* Data block

########################################

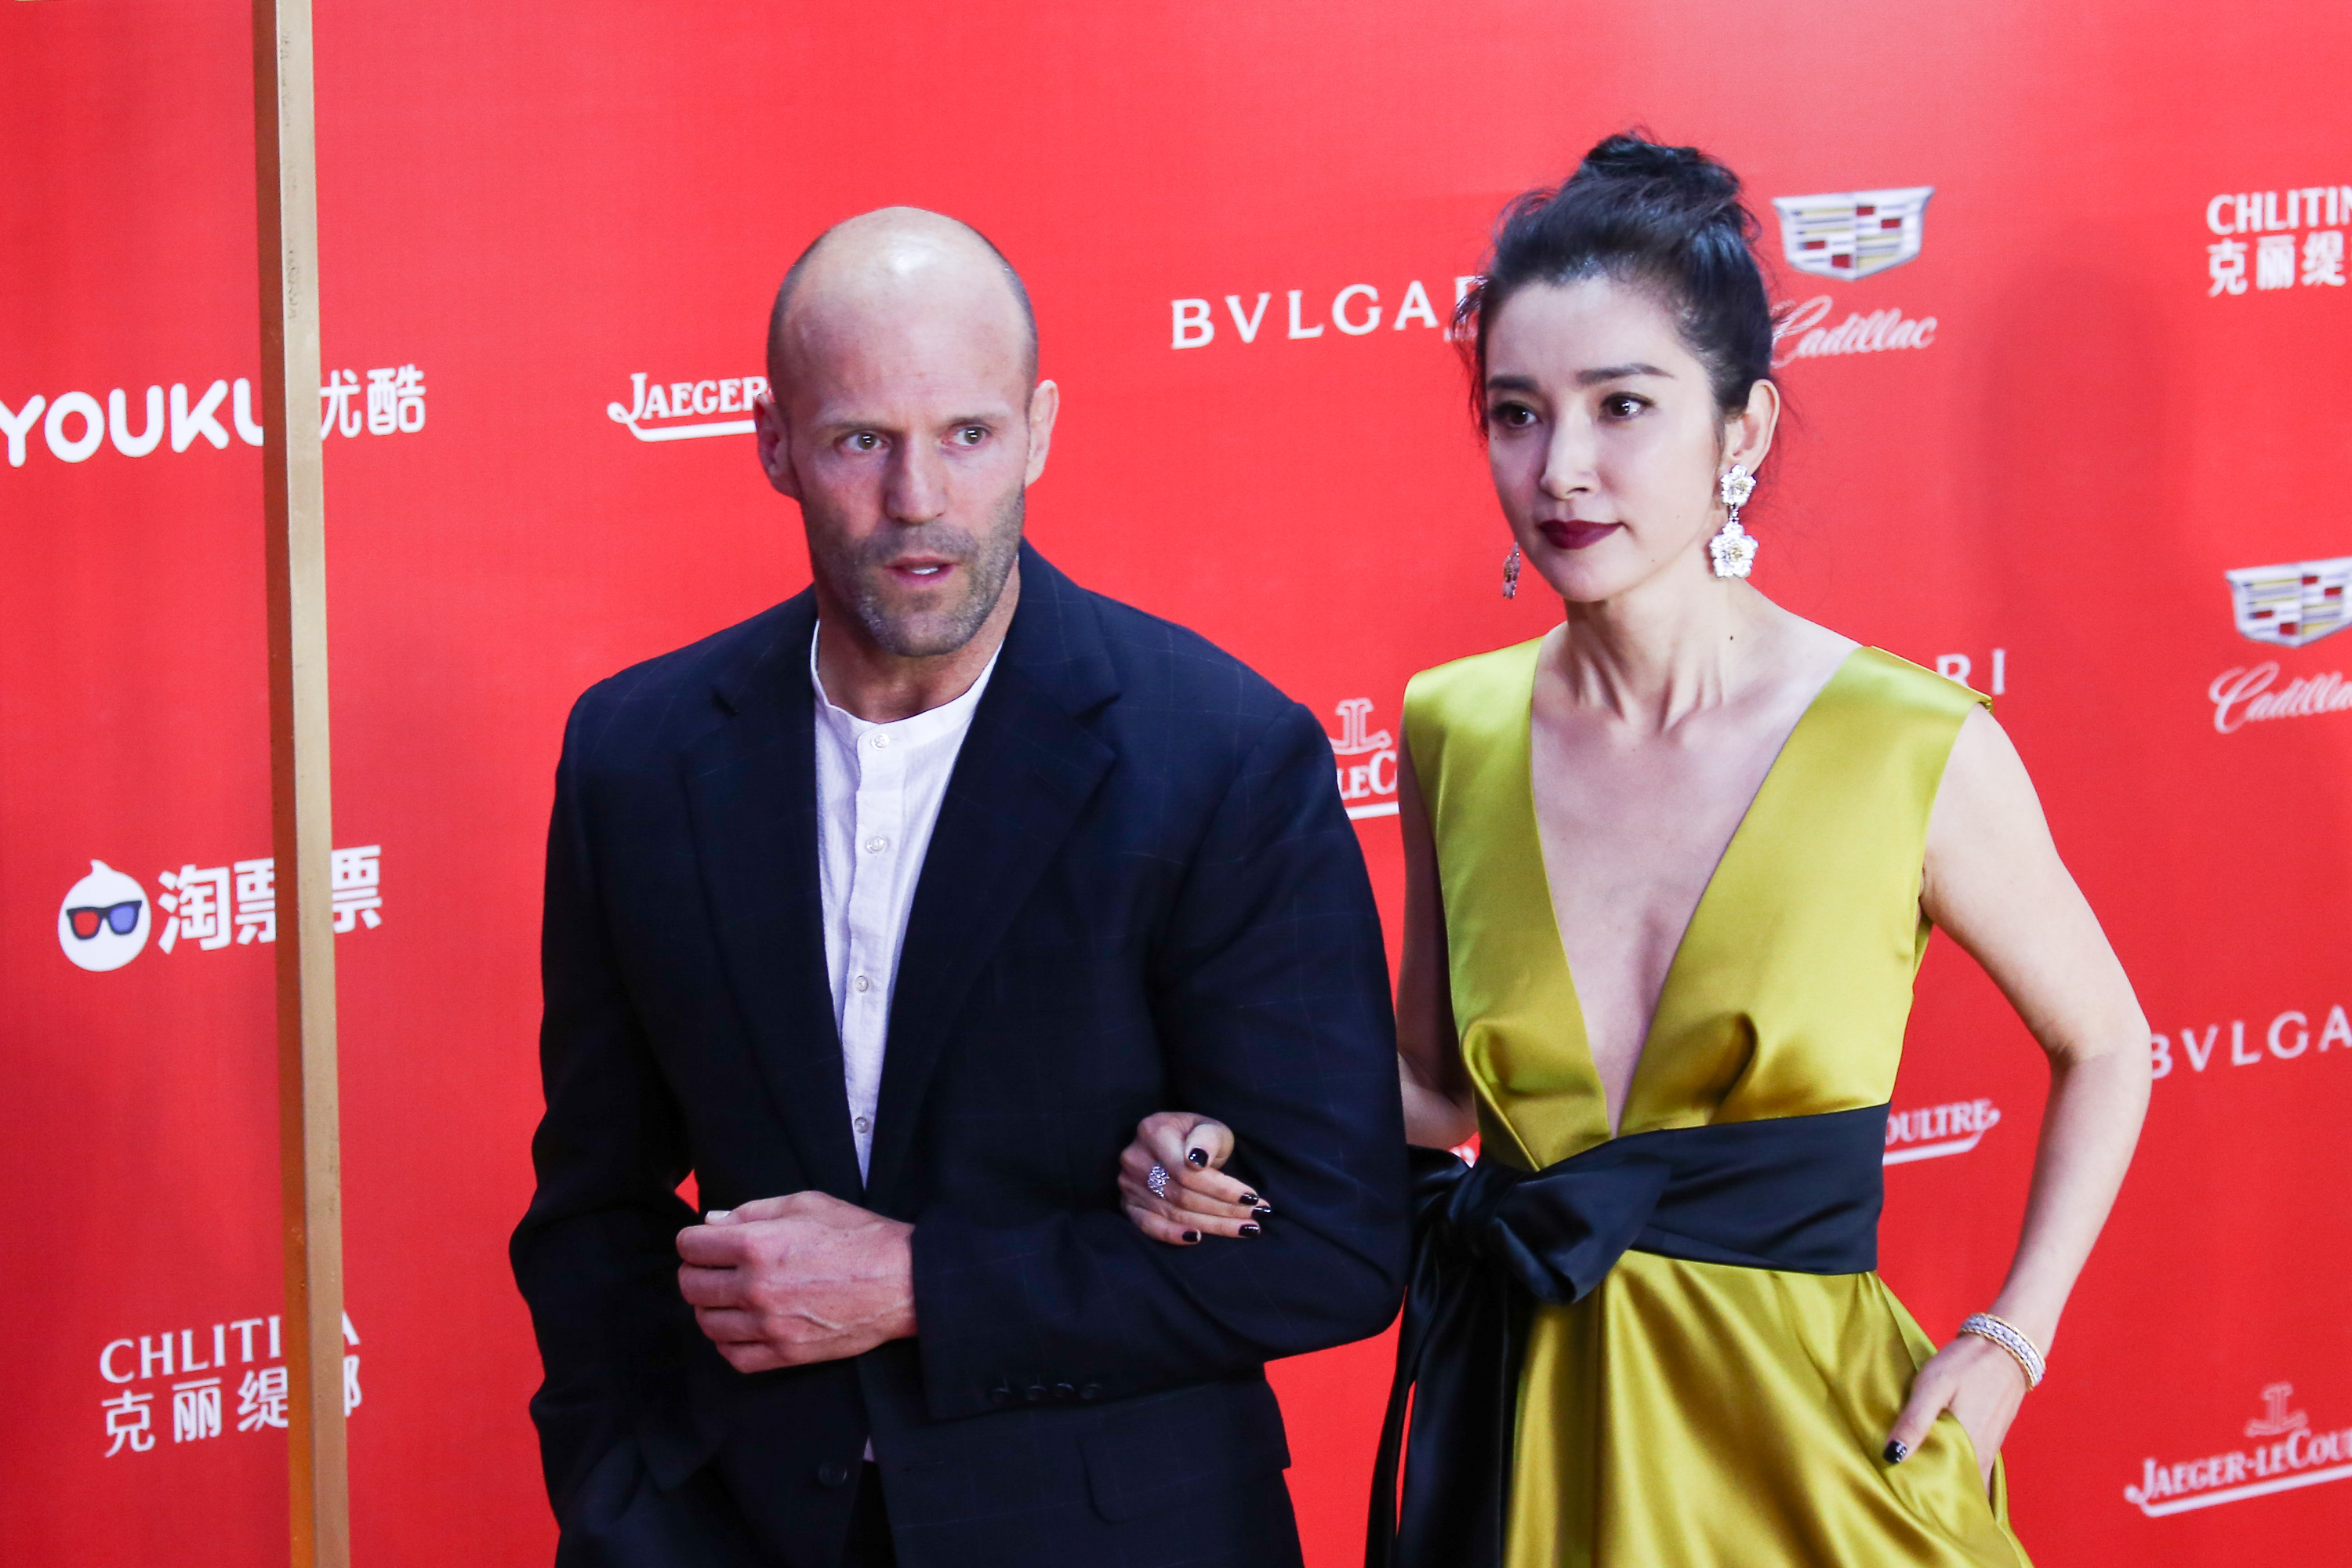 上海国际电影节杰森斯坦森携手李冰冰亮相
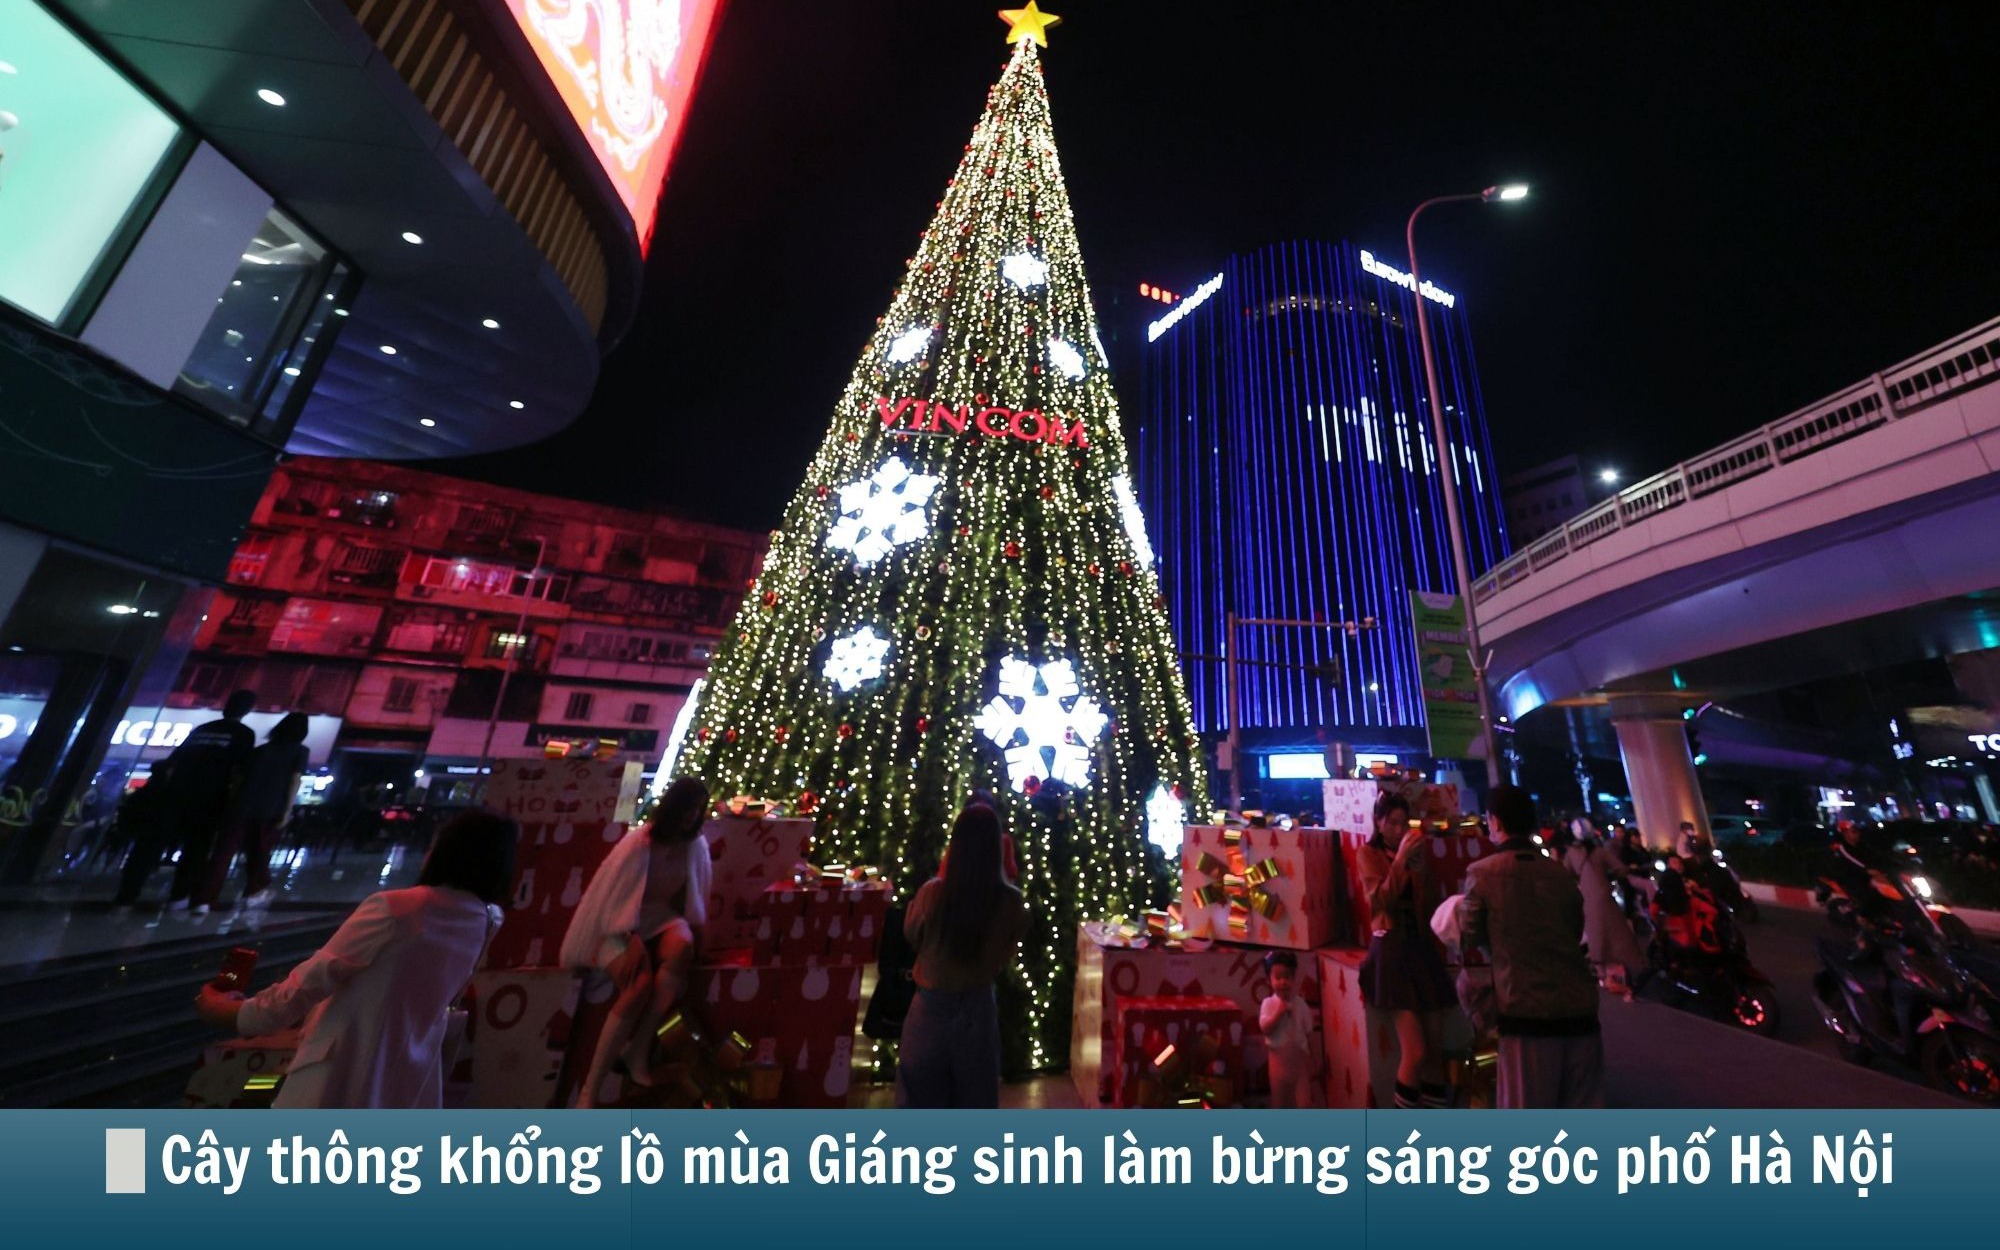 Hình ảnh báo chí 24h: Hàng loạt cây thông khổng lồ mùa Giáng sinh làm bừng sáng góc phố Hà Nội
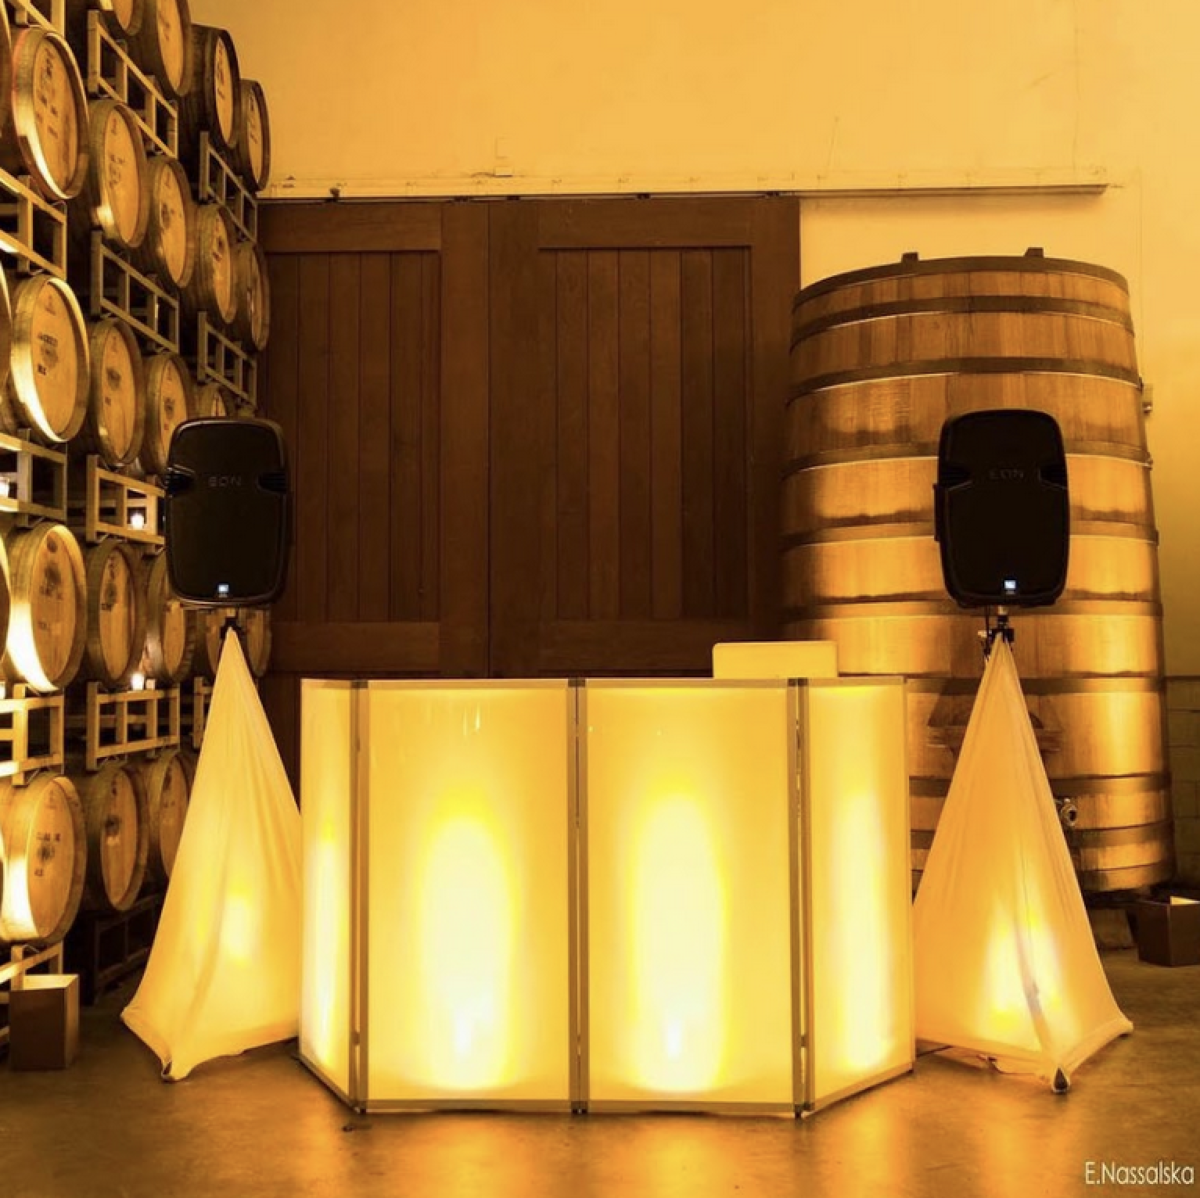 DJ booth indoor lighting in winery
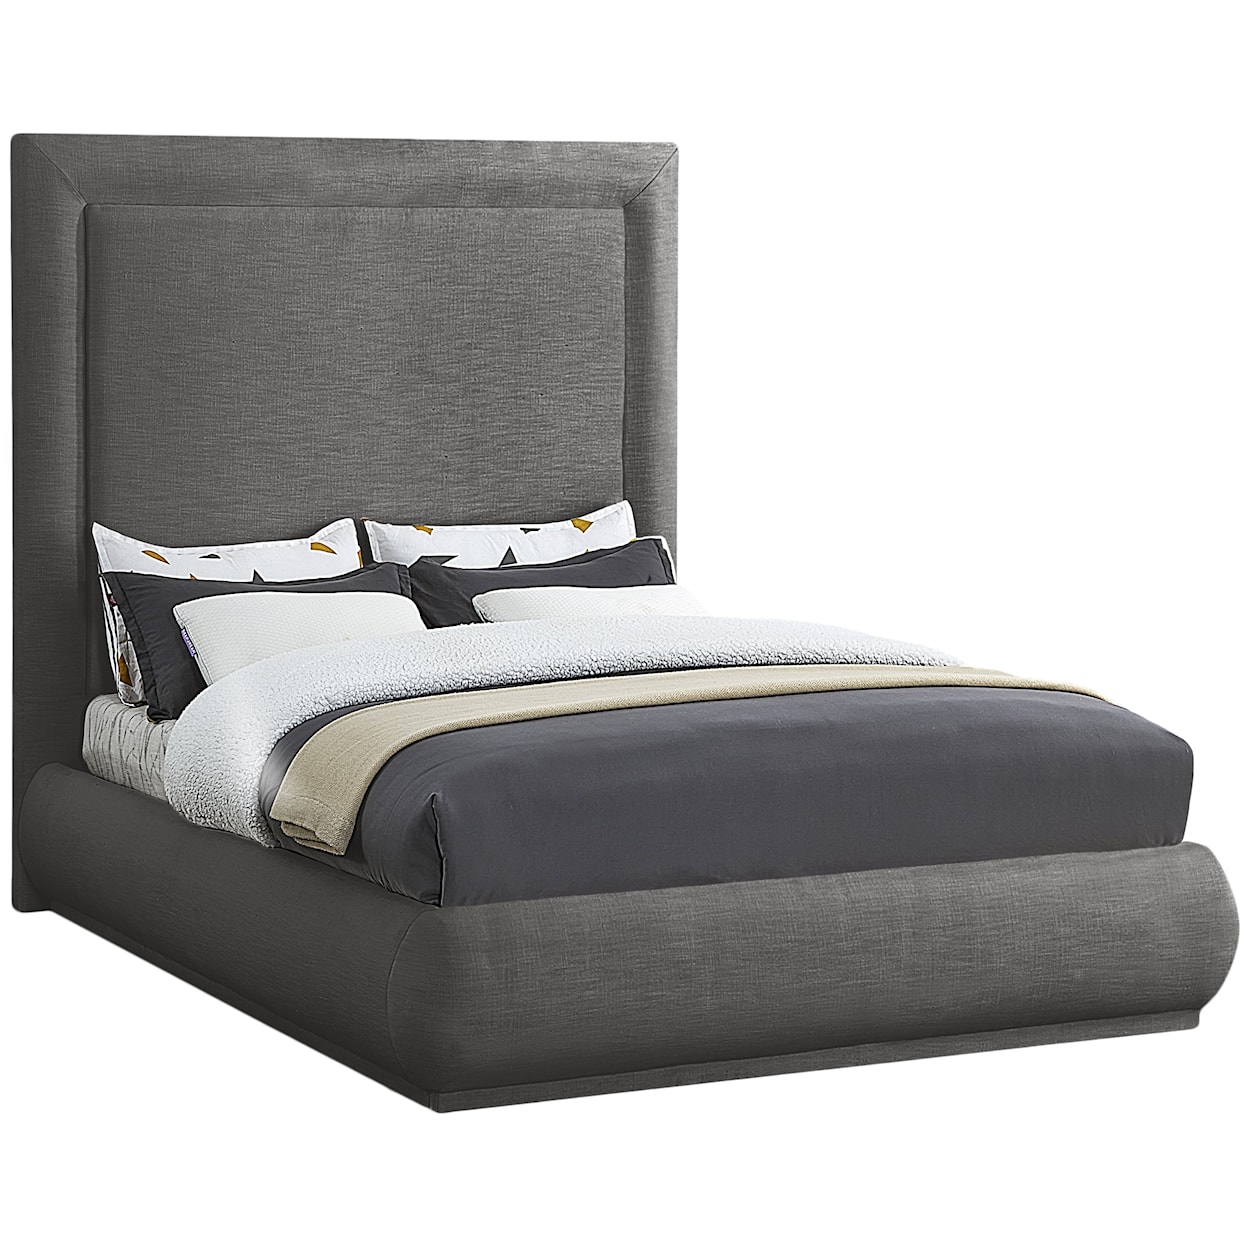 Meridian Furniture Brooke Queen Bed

########################################

* Work required
Only the text of the listing above is wanted, transcribed exactly, without its images.

* Output for this task
 上海国际电影节杰森斯坦森携手李冰冰亮相
 Hình ảnh báo chí 24h: Hàng loạt cây thông khổng lồ mùa Giáng sinh làm bừng sáng góc phố Hà Nội
 DJ booth indoor lighting in winery
 Meridian Furniture Brooke Queen Bed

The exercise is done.